The sand in the sand packed model was cooled by liquid nitrogen and then vacuumed. Scanning electron microscopy (SEM) was used to observe the plugging of polymer gel at room temperature. As shown in Fig. 9c, we could clearly found that there existed space network structures of the polymer gel after being cooled and dried in the pore throat of the sand. The results indicated that the high-permeability sand packed model was blocked by polymer gel. Therefore, its permeability was greatly reduced after the polymer gel was injected (Lai et al. 2013). In addition, due to the presence of electrostatic and hydrogen bonds, the polymer gel would be adsorbed on the surface of the sand, which helped to improve the blocking strength and anti-erosion property of polymer gel (Xu et al. 2015; Alcázar-Vara et al. 2015; Cheraghian et al. 2017; Pang et al. 2015). As shown in Fig. 9b, d, on the contrary, polymer gel had little effect on the pore throat of the sand in low-permeability sand packed model, because MPSC mainly entered high-permeability sand packed model during injection process.

Fig. 9
figure 9

SEM images of porous medium: a high-permeability sand packed model before plugging, at 100 μm, 400 × ; b low-permeability sand packed model before plugging, at 100 μm, 400 × ; c high-permeability sand packed model after plugging, at 100 μm, 400 × ; d low-permeability sand packed model after plugging, at 100 μm, 400 × 

EOR of the polymer gel-assisted CO2 huff and puff

Huff and puff experiments were carried out to evaluate the EOR effect of several different huff and puff methods under the same experimental conditions. The parameters of the sand packed models and experimental results are shown in Table 3. In the four huff and puff methods, the polymer gel-assisted CO2 huff and puff had the largest EOR, the second was the CO2 huff and puff, and the water huff and puff was the least.

Table 3 The parameters of the sand packed models and experimental results

As shown in Table 3, most of the oil production came from the high-permeability sand packed models (3#, 5#, 7#, 9#) due to smaller flow resistance to crude oil in the water flooding stage. For water huff and puff and CO2 huff and puff, as the high-capacity channel being not blocked, the injected huff and puff media mainly entered the high-permeability sand packed models in the huff stage, and most of these media could be taken out during the puff stage. Because the remaining oil of the high-permeability sand packed models was less, the EOR of these two methods was relatively low. Compared with water huff and puff, the EOR of CO2 huff and puff was higher, because CO2 could dissolve in crude oil and reduce oil/water interfacial tension.

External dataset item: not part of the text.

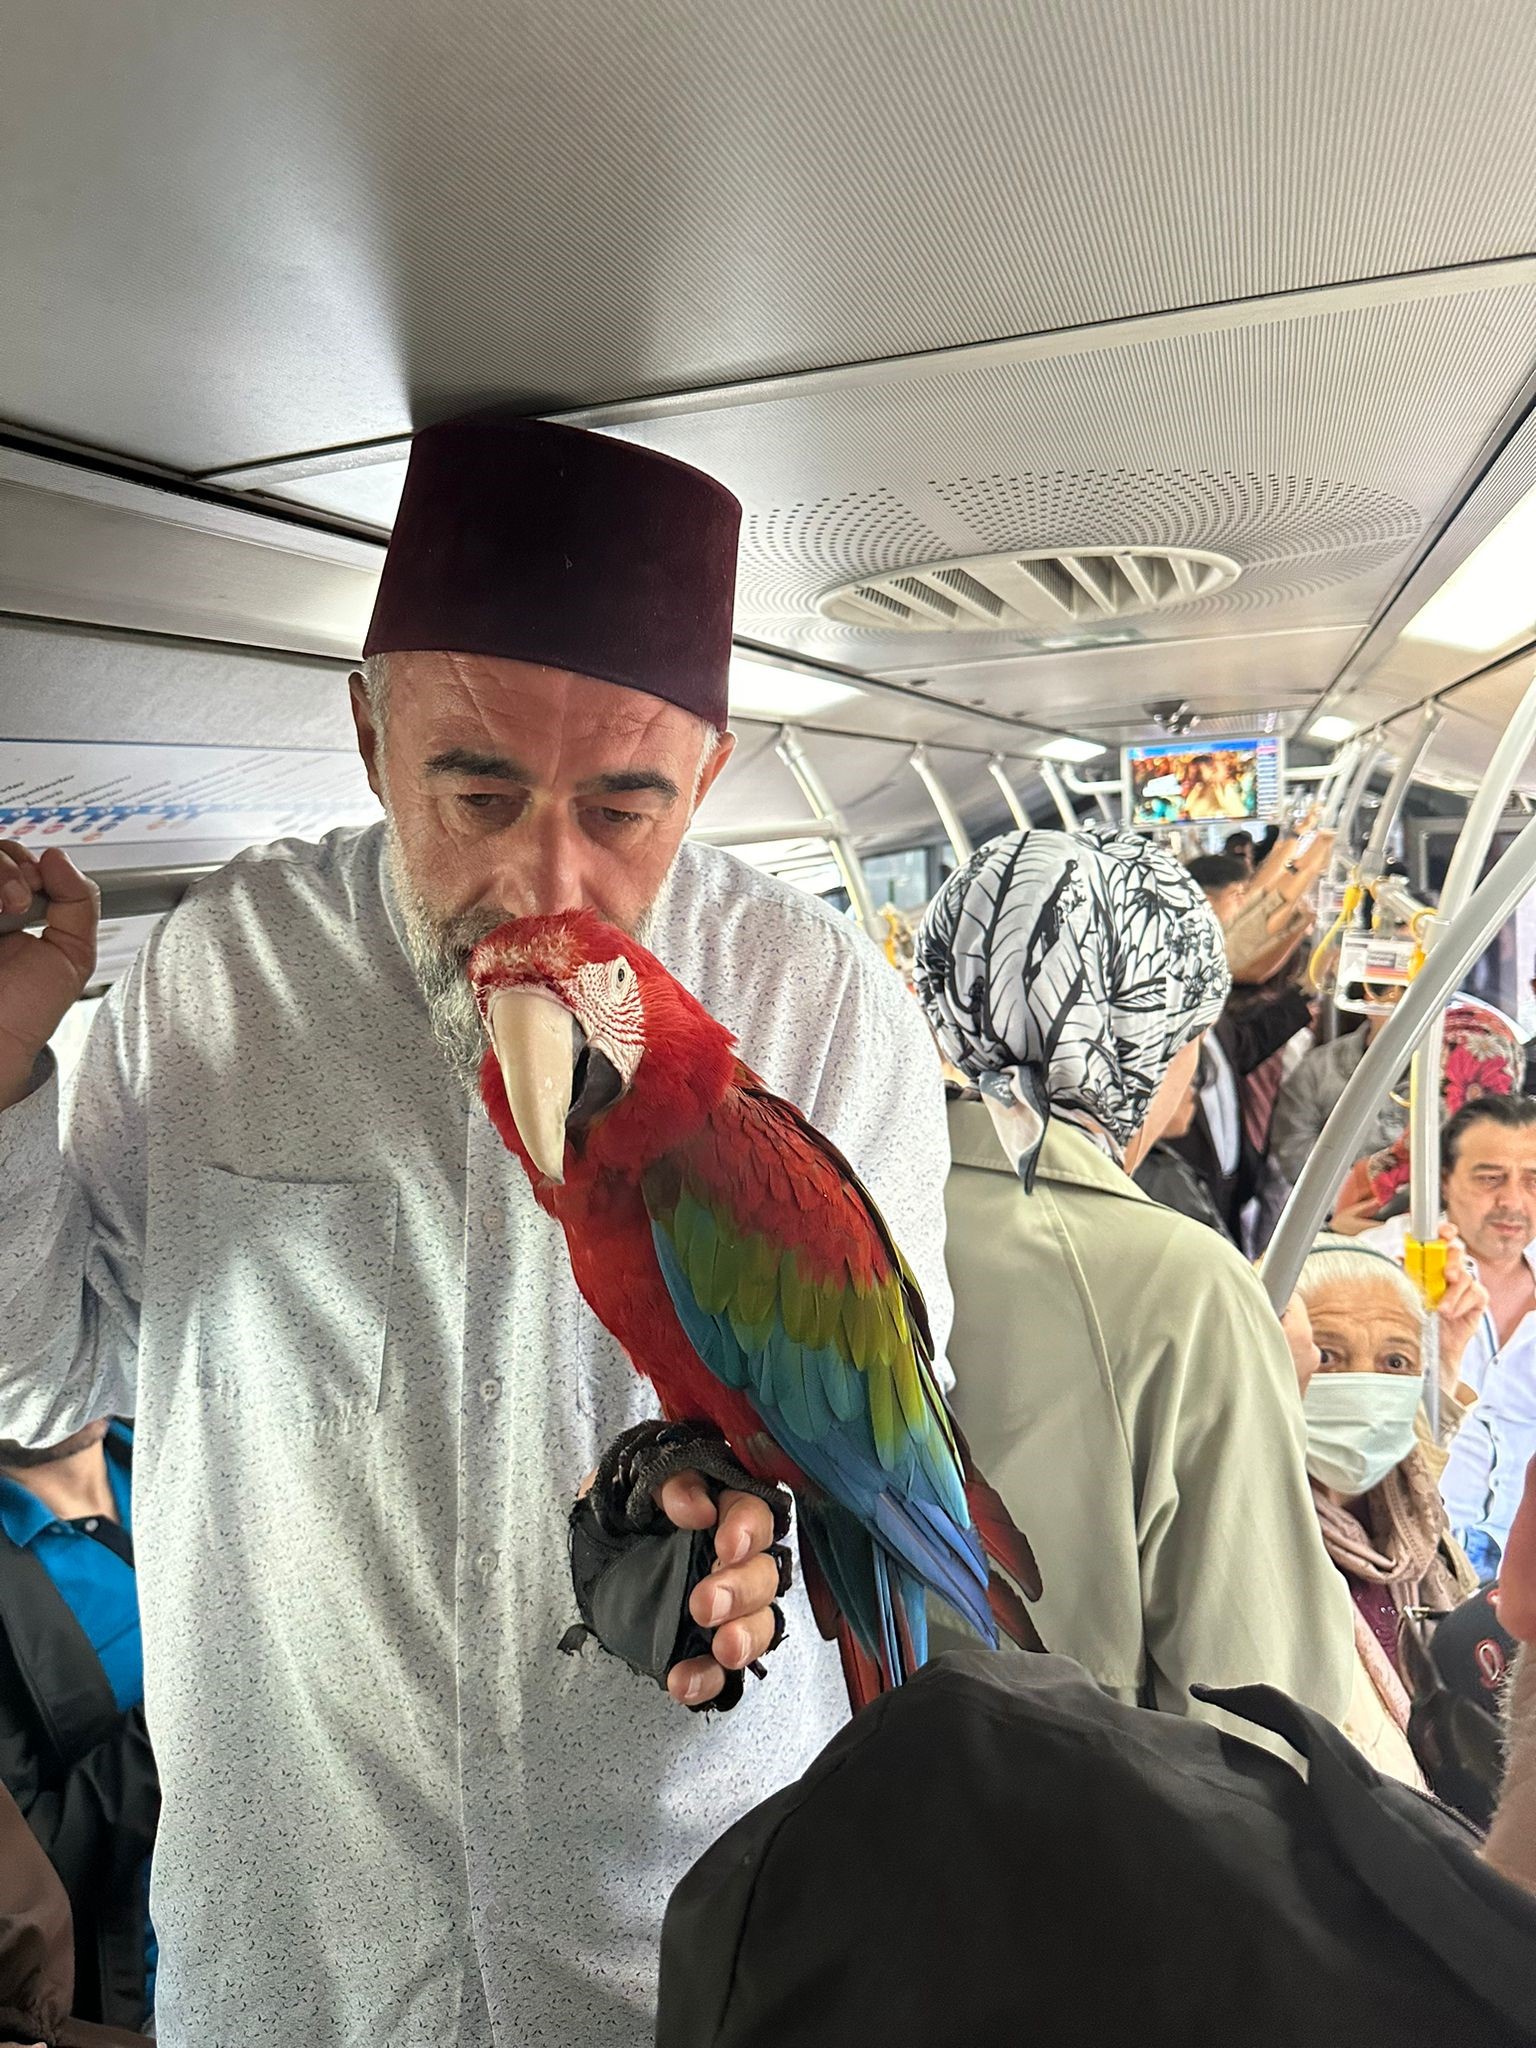 Sahibiyle metrobüse binen papağan 'Allah' diyor (VİDEOLU)
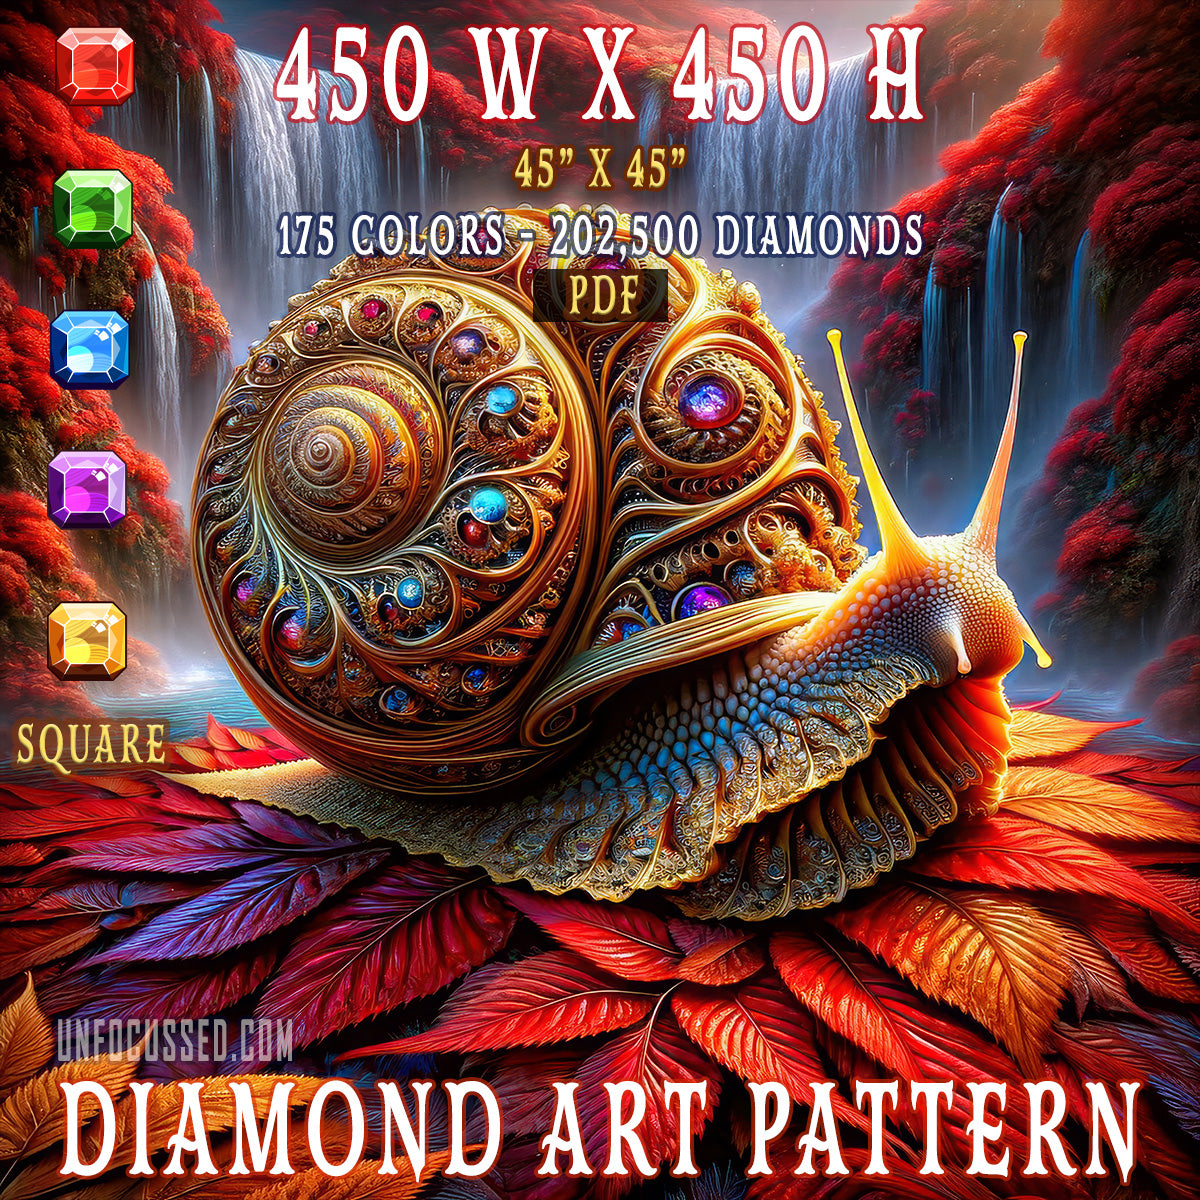 El patrón de arte de diamante Regal Acanthus Rooster

At the same time, CO2 could reduce the viscosity of crude oil (Mao et al. 2018; Li et al. 2018; Ren et al. 2017; Fang et al. 2017).

For polymer gel-assisted CO2 huff and puff, the high-permeability sand packed model would be blocked by polymer gel, and CO2 would enter the low-permeability sand packed model with higher oil saturation. Then the crude oil would be produced from the low-permeability sand packed model. Compared with polymer gel huff and puff, polymer gel-assisted CO2 huff and puff could not only expand the sweep volume, but also improve the oil displacement efficiency, so it had a higher EOR (11.30% vs. 4.88%).

Conclusions

A novel EOR method base on polymer gel-assisted CO2 huff and puff was put forward aiming to improve the development effect of heavy oil reservoirs with high water cut. A polymer gel was prepared using HPAM, hexamethylenetetramine, phenol, resorcinol, oxalic acid, and thiocarbamide as raw materials, and its heat resistance and salt tolerance could meet the requirement of plugging high capacity channel for heavy oil reservoirs. The experimental results confirmed that this method could be used to increase the sweep volume and improve the oil displacement efficiency of heavy oil reservoirs. The EOR of this method was better than that of water huff and puff, polymer gel huff and puff or CO2 huff and puff.